Xilinx 7 Series FPGAs also incorporate a rich set of programmable logic resources. This includes Look-Up Tables (LUTs), Flip-Flops, and Digital Signal Processing (DSP) slices that have been optimized for various arithmetic functions. With several thousands of logic cells available, designers can implement complex algorithms and systems directly in hardware for improved performance over traditional software solutions.

In addition to their logic capabilities, Xilinx 7 Series FPGAs feature an array of high-speed serial communication interfaces. These include support for technologies like PCI Express, Gigabit Ethernet, and Serial RapidIO, which facilitate efficient data transfer and integration into enterprise-level systems.
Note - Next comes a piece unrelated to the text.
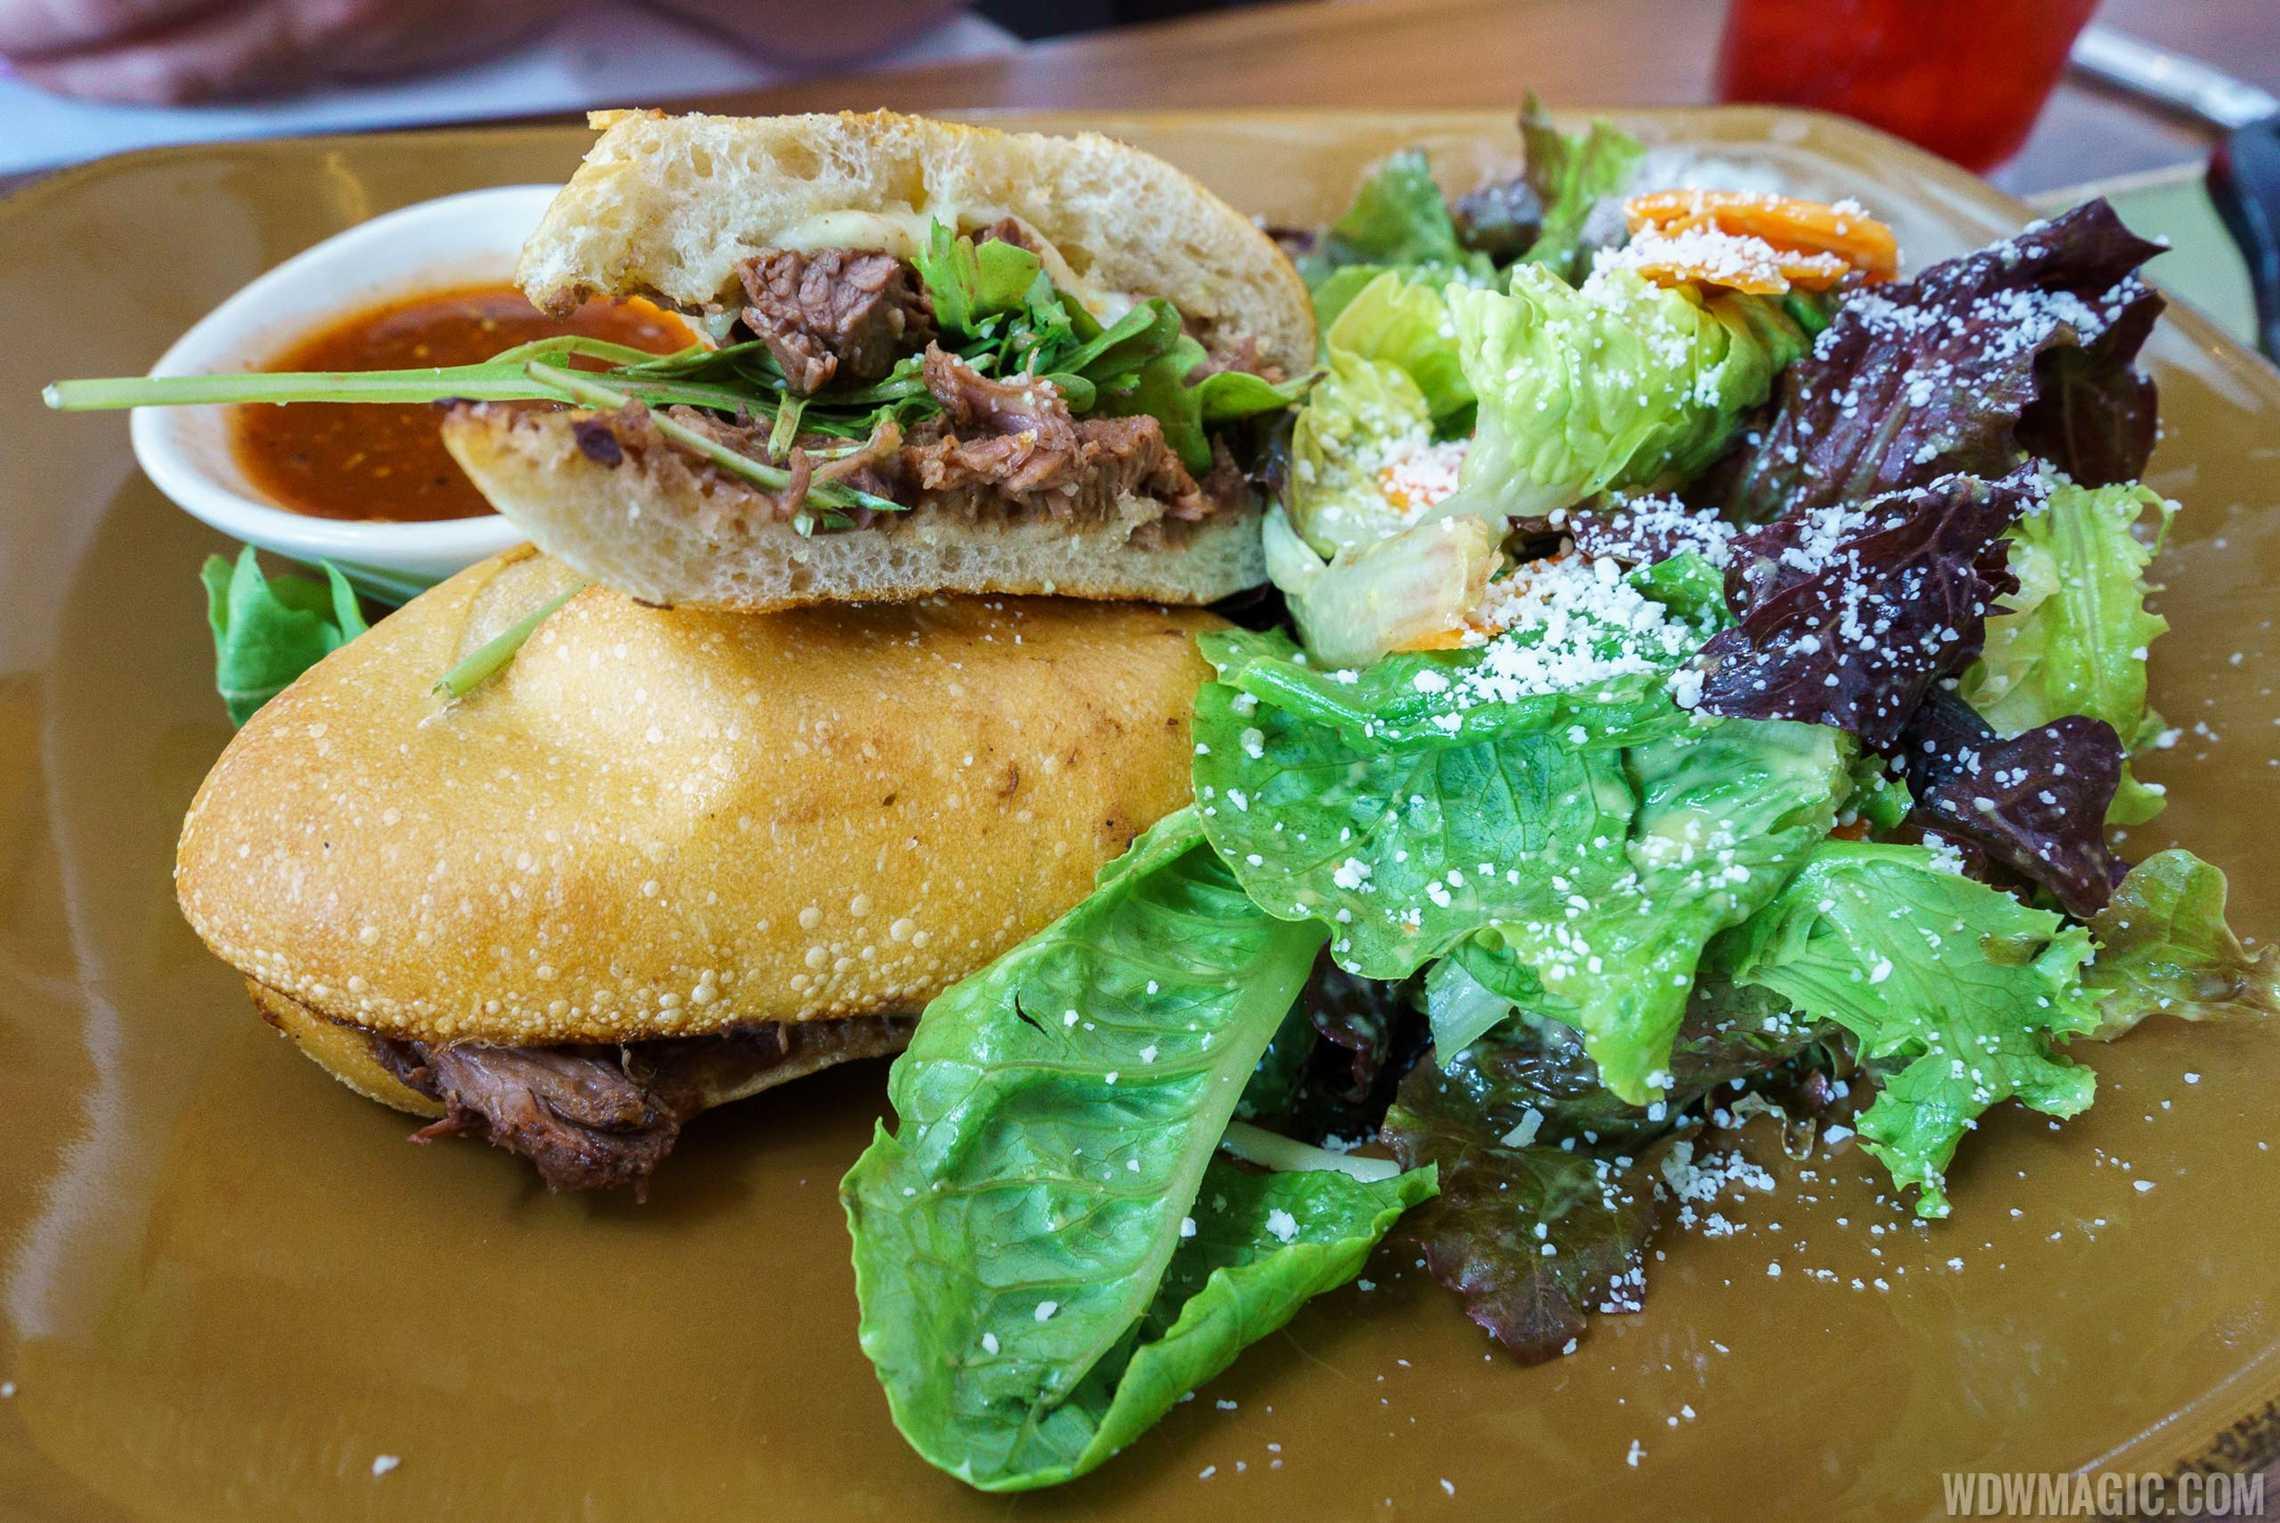 Frontera Cocina - Pepito Torta

The presence of high-speed transceivers also makes them ideal for applications that require fast data handling like video processing or high-frequency trading.

Furthermore, these FPGAs offer extensive memory options, including support for a wide range of external memory interfaces. This versatility allows for the integration of high-bandwidth memory solutions, which is essential for performance-intensive applications. With the introduction of the Memory Controller IP, users can easily connect various memory types, ensuring flexibility in system design.

Finally, Xilinx has made significant strides in development tools for 7 Series FPGAs, providing a robust ecosystem for design engineers. With design suites such as Vivado and SDK, users benefit from a comprehensive platform for deciding, simulating, and implementing designs efficiently. The combination of advanced hardware capabilities and powerful software tools solidifies the position of Xilinx 7 Series FPGAs as a preferred choice for custom digital hardware design across various industries.